Task item => Begin your copy at the line that holds "meinuse_咖色的吊带长裙,尽显美女成熟的气质." and carry it through the final line of the data, writing out each line exactly and omitting pictures.

Material provided =>

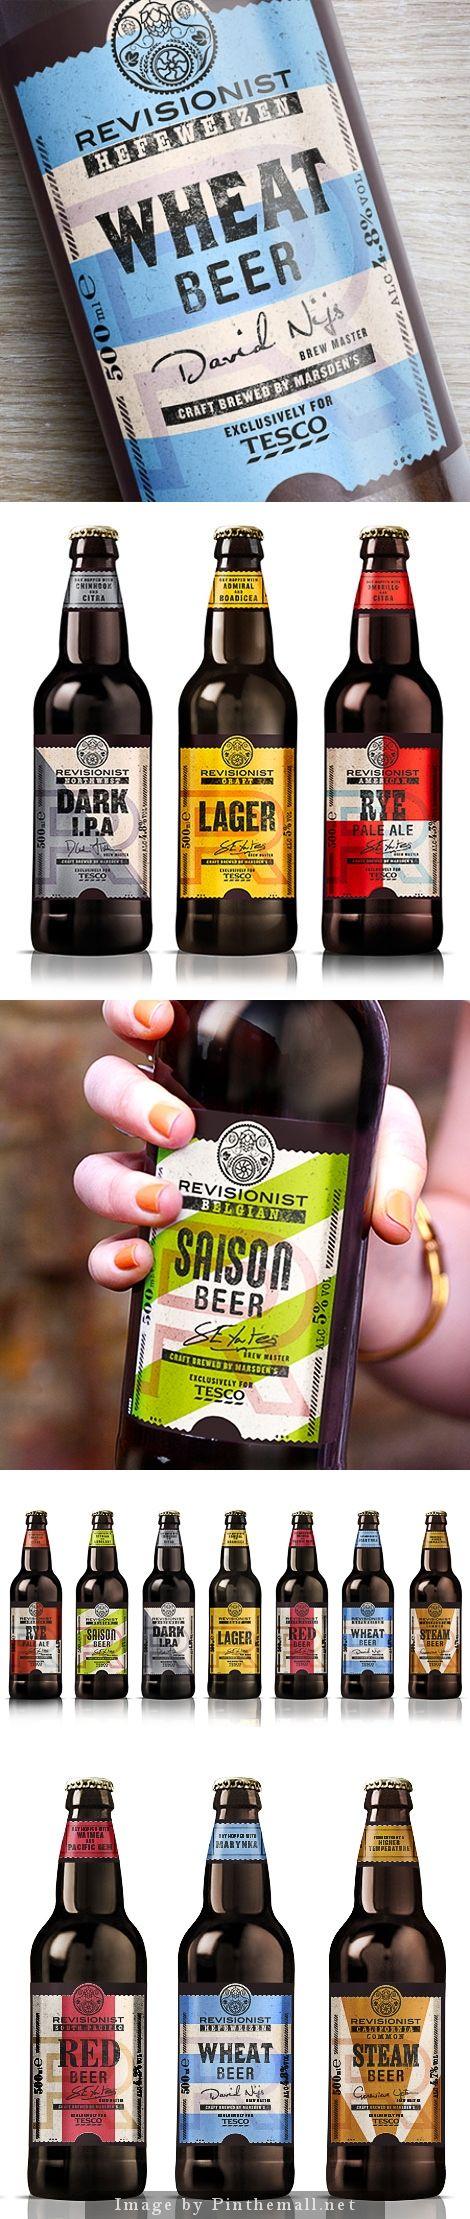 #beer #packaging #design #label
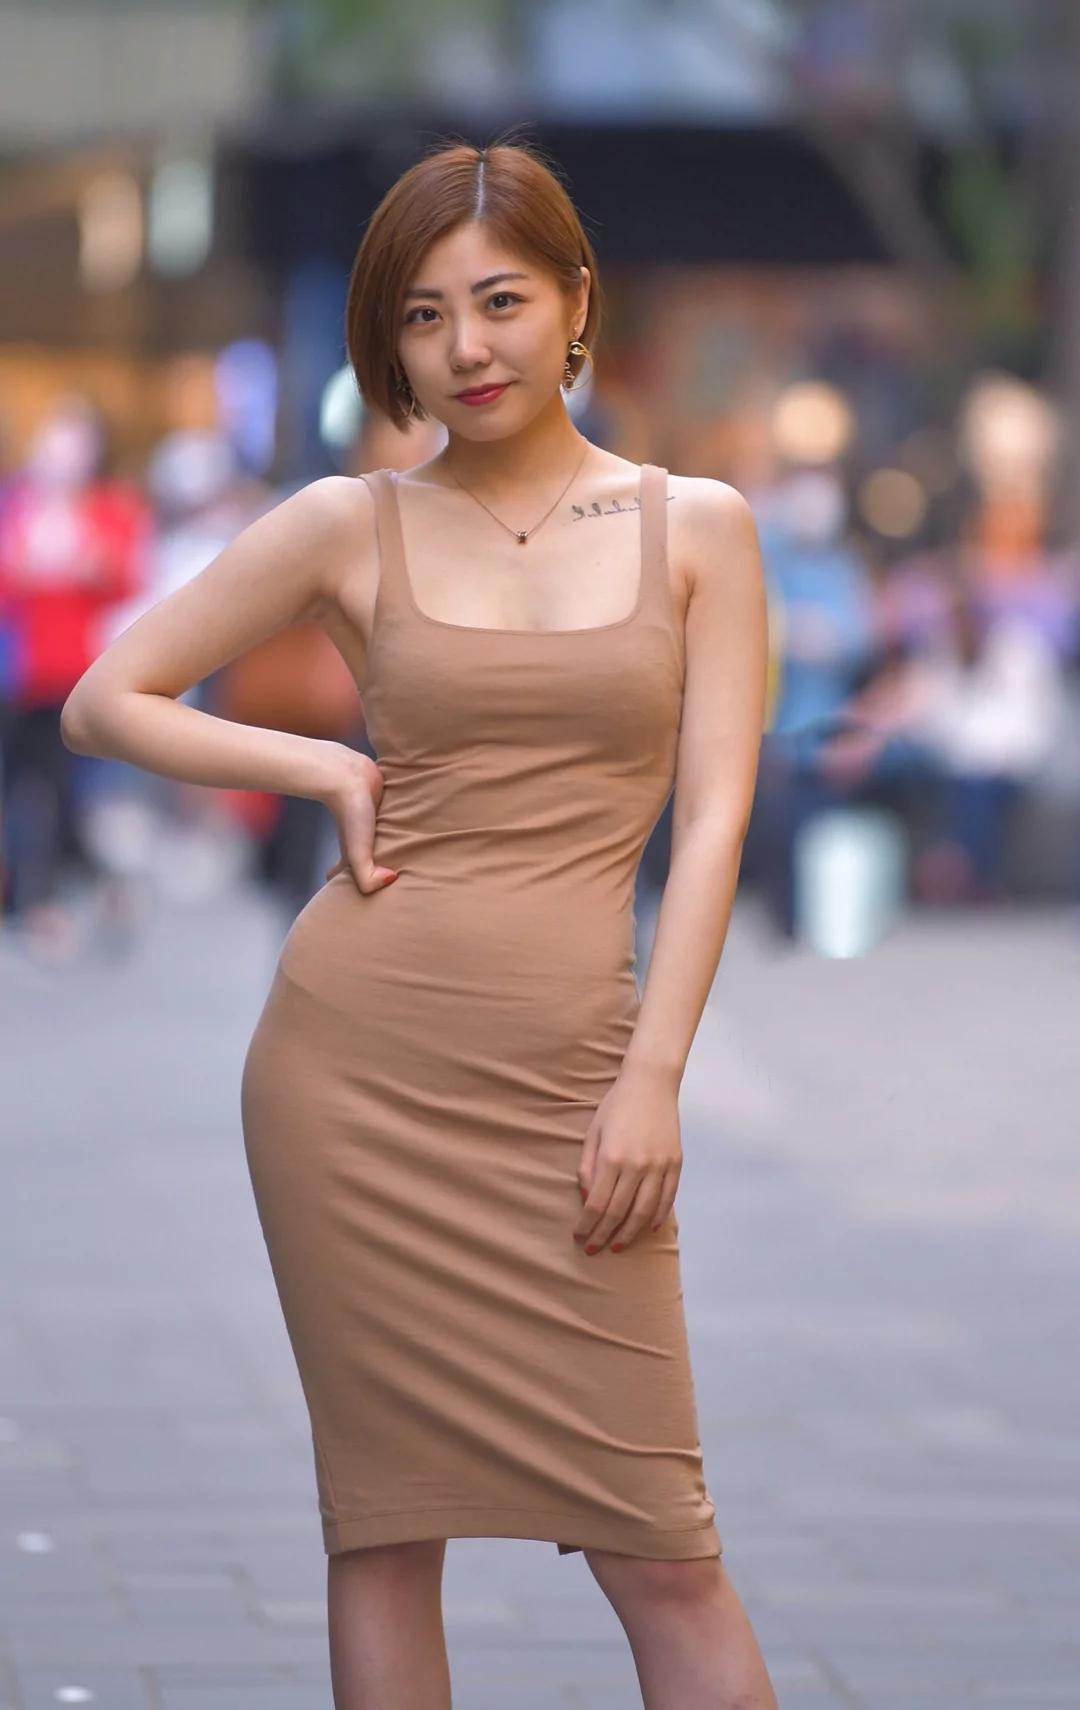 meinuse_咖色的吊带长裙,尽显美女成熟的气质.
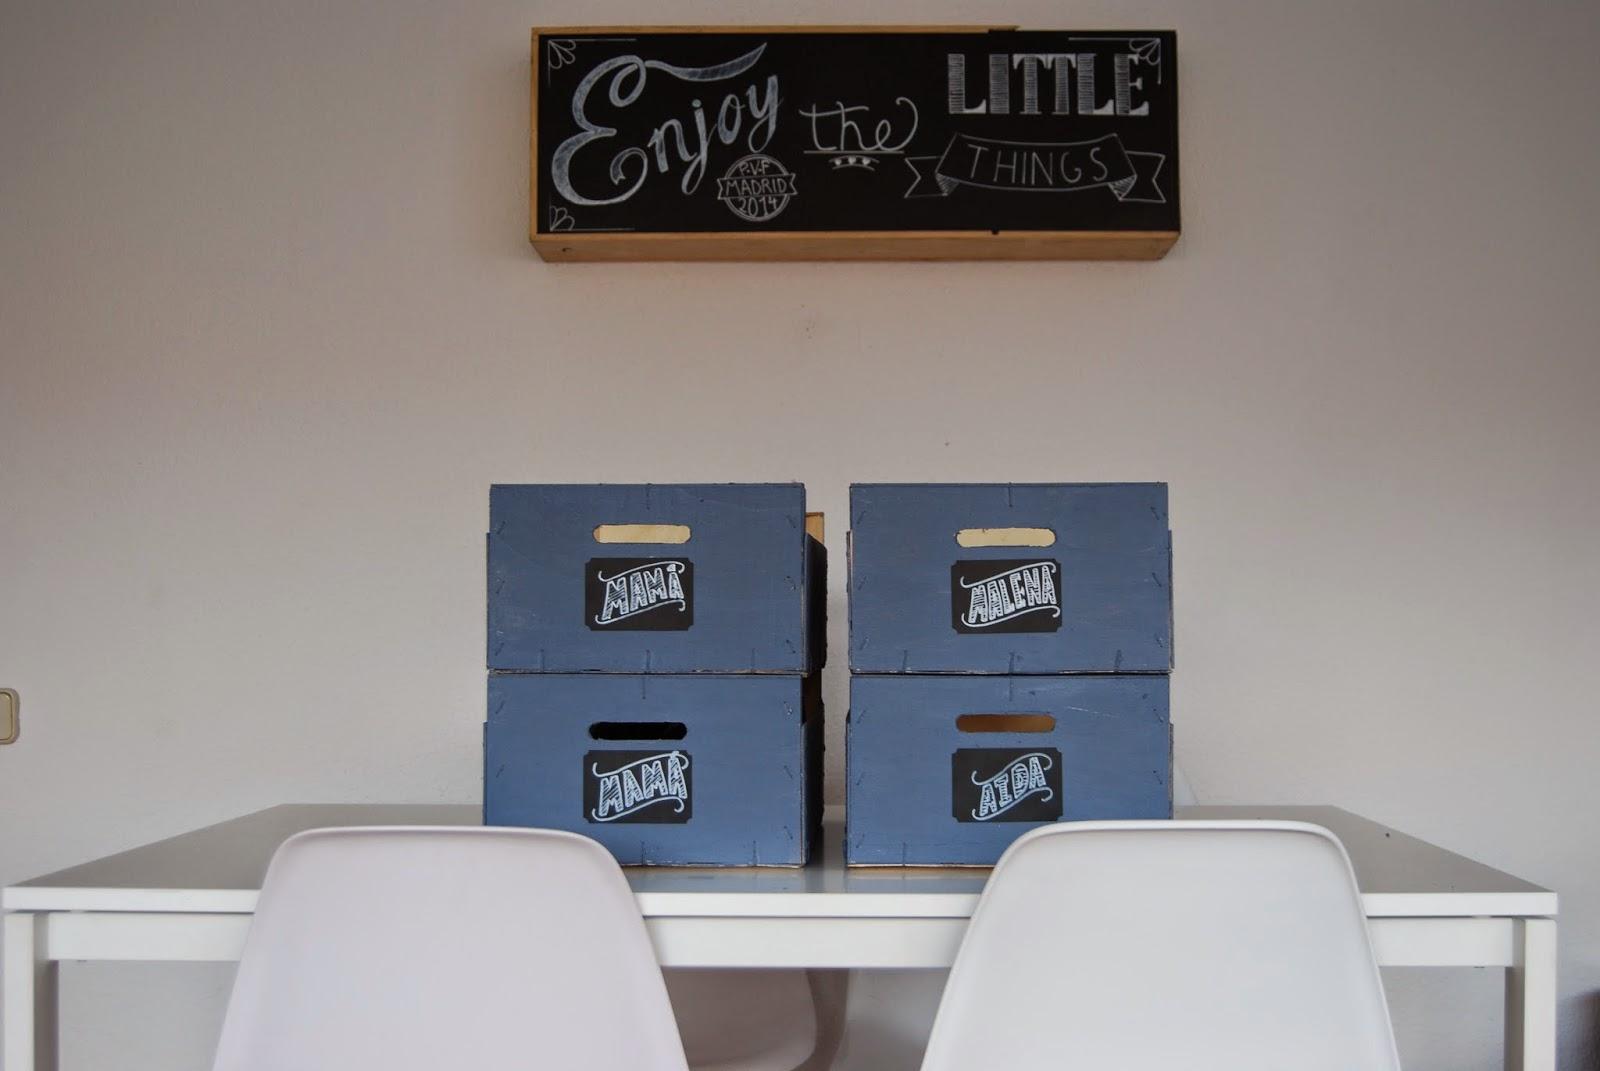 http://sosunnyblog.blogspot.com.es/2014/10/cajas-de-fruta-que-sirven-para-casi-todo.html

Response for this exercise =>
 meinuse_咖色的吊带长裙,尽显美女成熟的气质.
 http://sosunnyblog.blogspot.com.es/2014/10/cajas-de-fruta-que-sirven-para-casi-todo.html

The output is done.